According to the syntactical function verbs are classified in:

  1. notional - verbs which have a full meaning of their own and can be used without any additional words as a simple predicate;

  2. auxiliary - those which have lost their meaning and are used only in analytical forms;

  3. link - verbs which to a smaller or greater extent have lost their meaning and are used in the compound nominal predicate;

  4. modal - verbs used with the infinitive as predicative markers as expressing relational meaning of the subject attitude type.

According to the way of forming the Past Indefinite and Participle II: regular, irregular and mixed. The verb has the following grammatical categories: person, number, tense, aspect, voice, mood, time-relation.

Tense is a grammatical category by means of which a certain time-relationship is established between the process which is denoted by the particular forms of the verb and the moment of speaking. Three tenses - Present, Past and Future.

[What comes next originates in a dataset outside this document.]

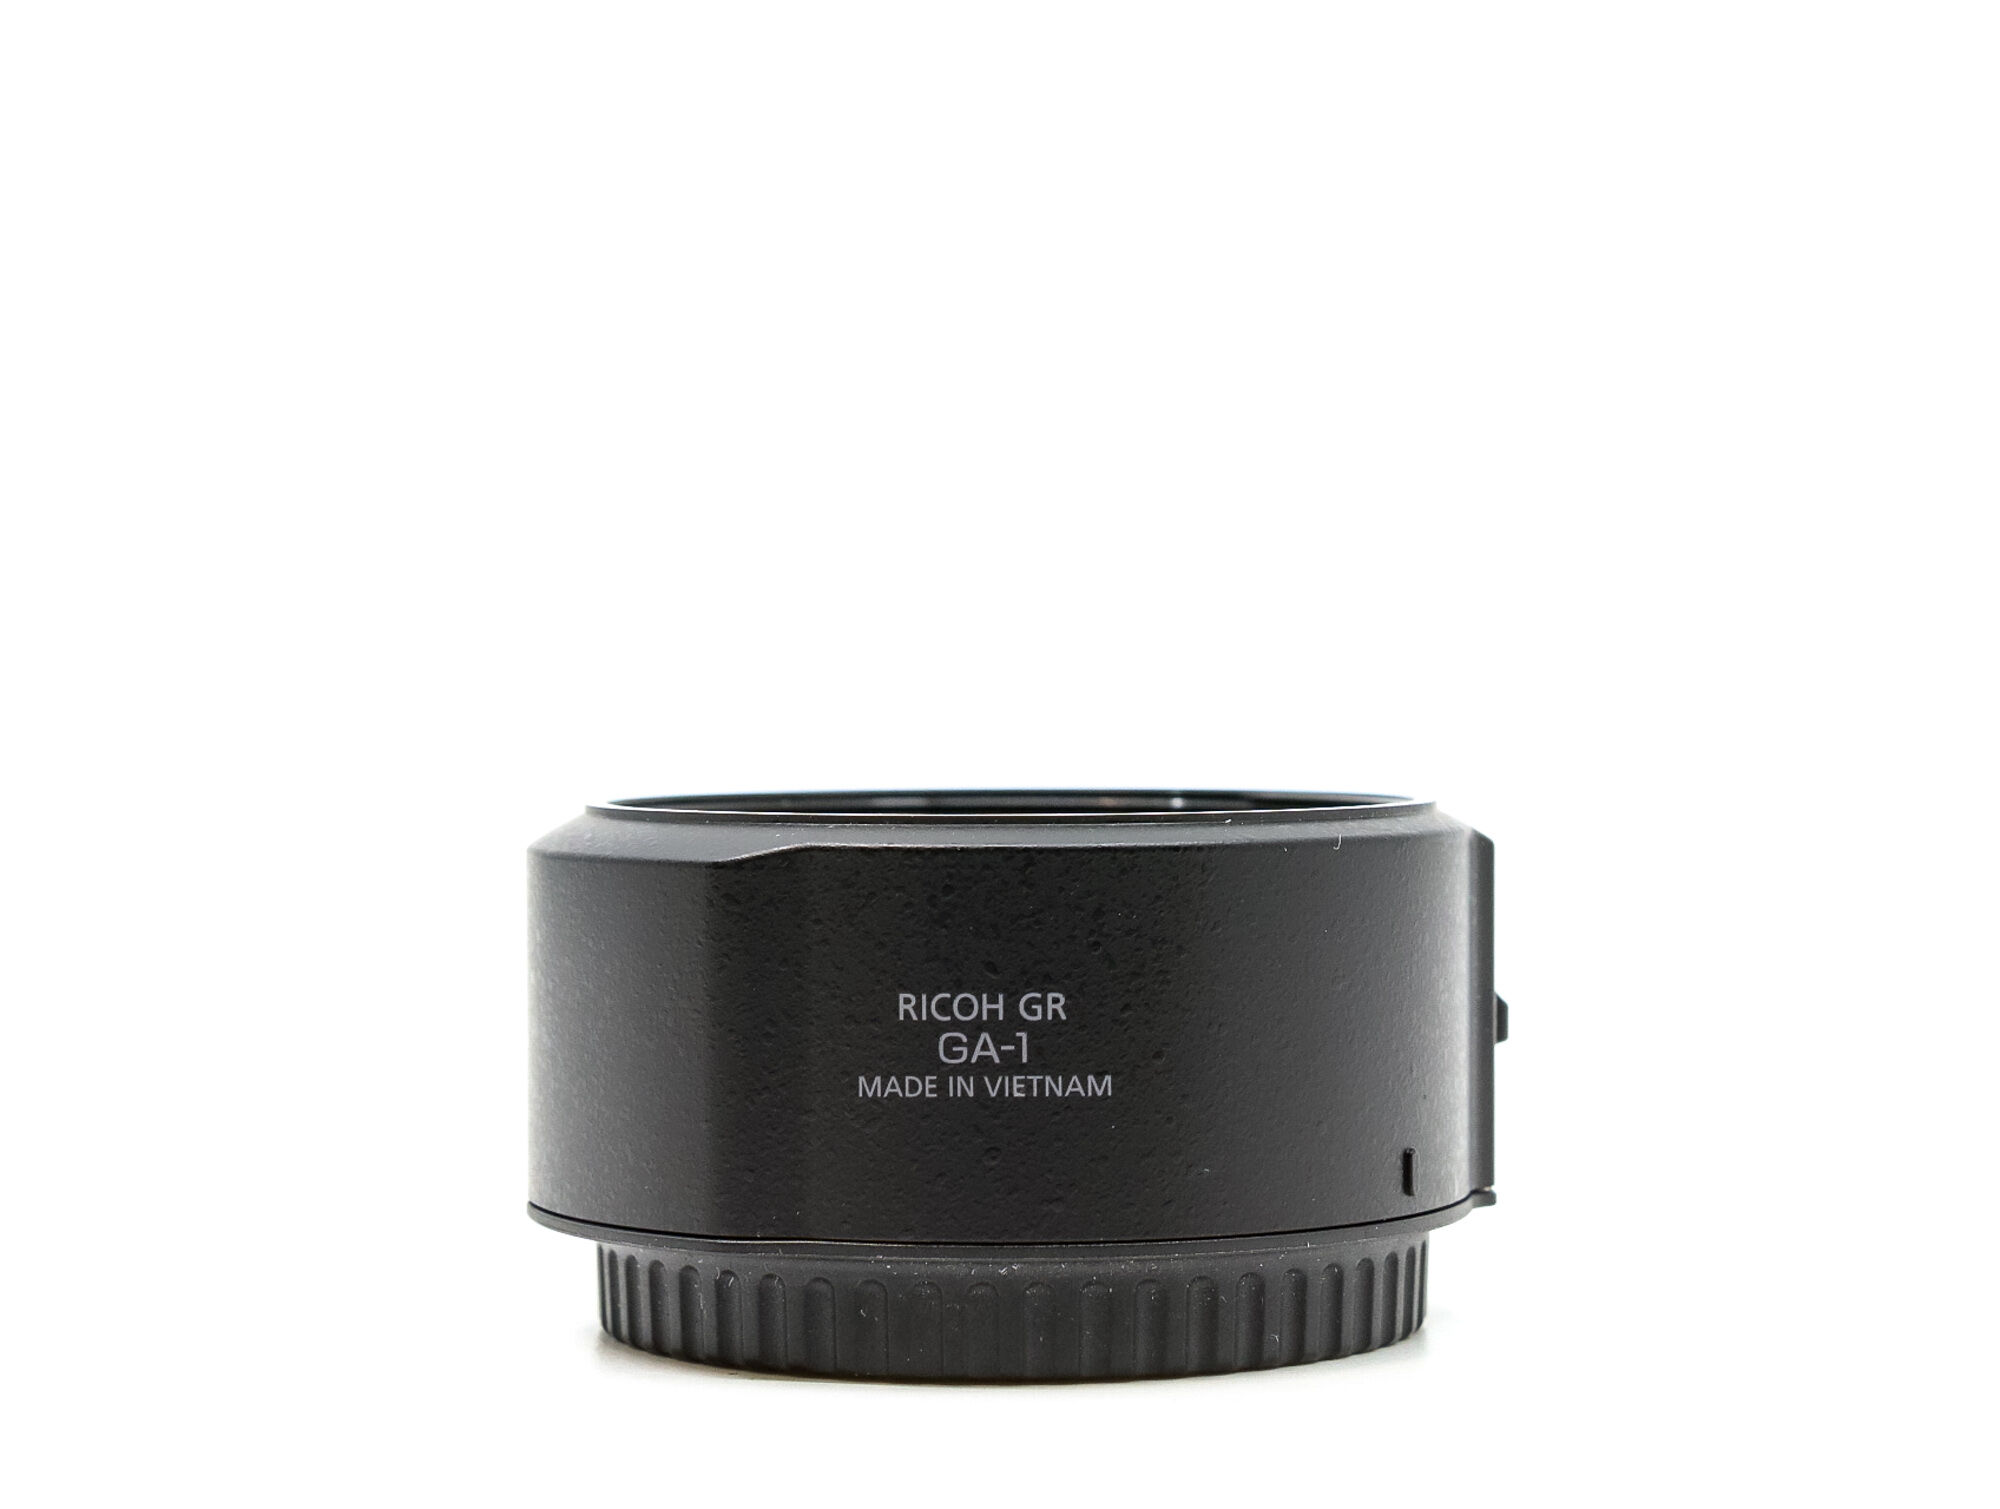 Ricoh GA-1 Lens Adapter (Condition: Like New)
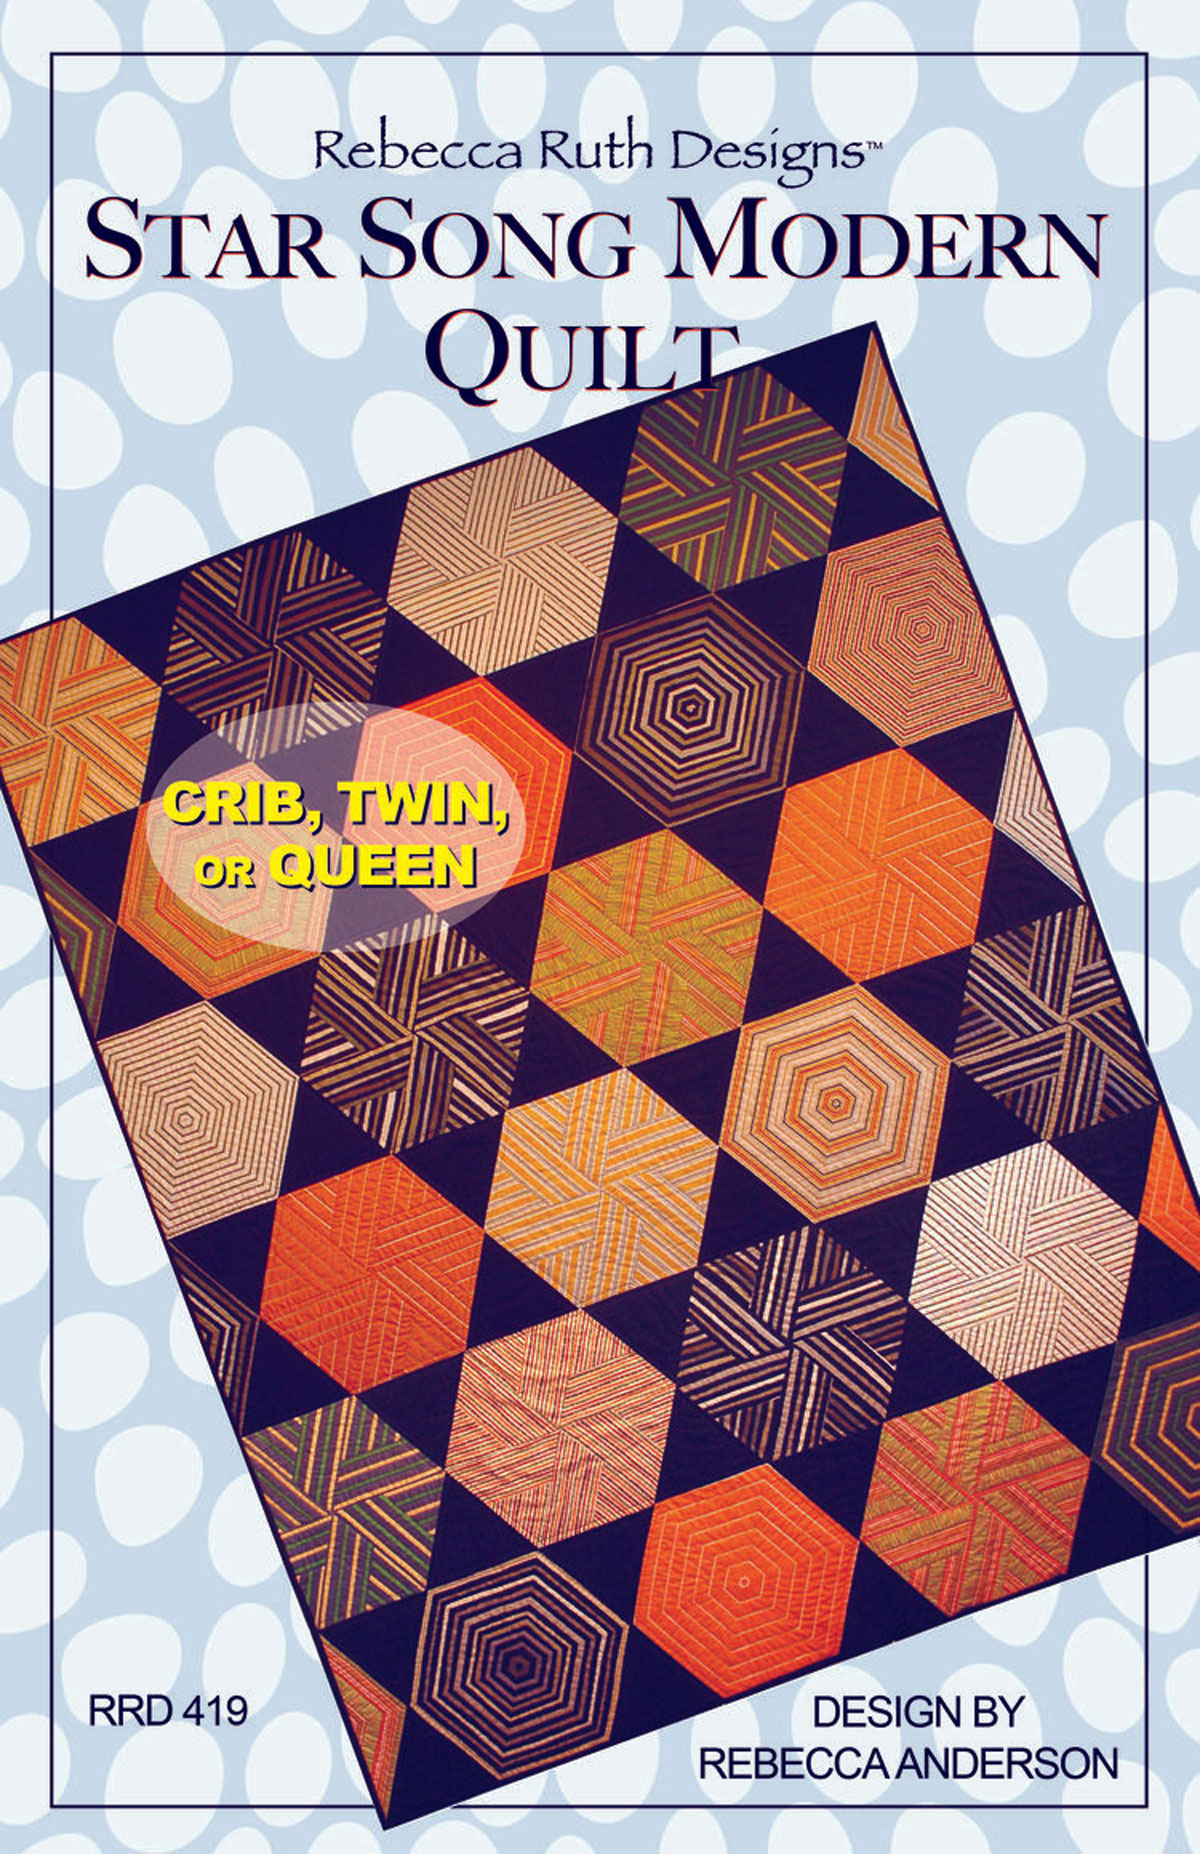 Star-Song-Modern-quilt-sewing-pattern-rebecca-ruth-designs-front

Aspect is a grammatical category showing the difference in the way the action is shown to proceed. Two aspects - Continuous and Non-Continuous.

Taxis (time-relation) is a grammatical category showing the relation of the action to the time of utterance (Perfect forms and Non-Perfect).

Voice is a grammatical category which indicates the relation of the predicate to the subject and the object (the Active, the Passive, the Neuter-Reflexive).

Mood is a grammatical category which indicates the attitude of the speaker towards the action expressed by the verb from the point of view of its reality (the Indicative, the Imperative, the Subjunctive).

Lecture 7. Verbals: The Infinitive. The Gerund. The Participle. Constructions.

There are three verbals in English - the Infinitive, the Gerund and the Participle. They have a double nature: nominal and verbal. They cannot be the predicate of the sentence. They do not express person, number or mood. The tense distinctions are relative, they show only whether the action expressed by the verbal is simultaneous with the action expressed by the finite verb or prior to it.

The Infinitive developed from the verbal noun which in course of time became verbalized retaining at the same time some of its nominal properties. Nominal character is manifested in its syntactical functions:

  1. Subject,

  2. Object,

  3. Predicative.

Verbal characteristics:

  1. the Infinitive of the transitive verb can take a direct object;

  2. the Infinitive can be modified by an adverb;

  3. the Infinitive has the following grammatical categories: time-relation, voice and aspect.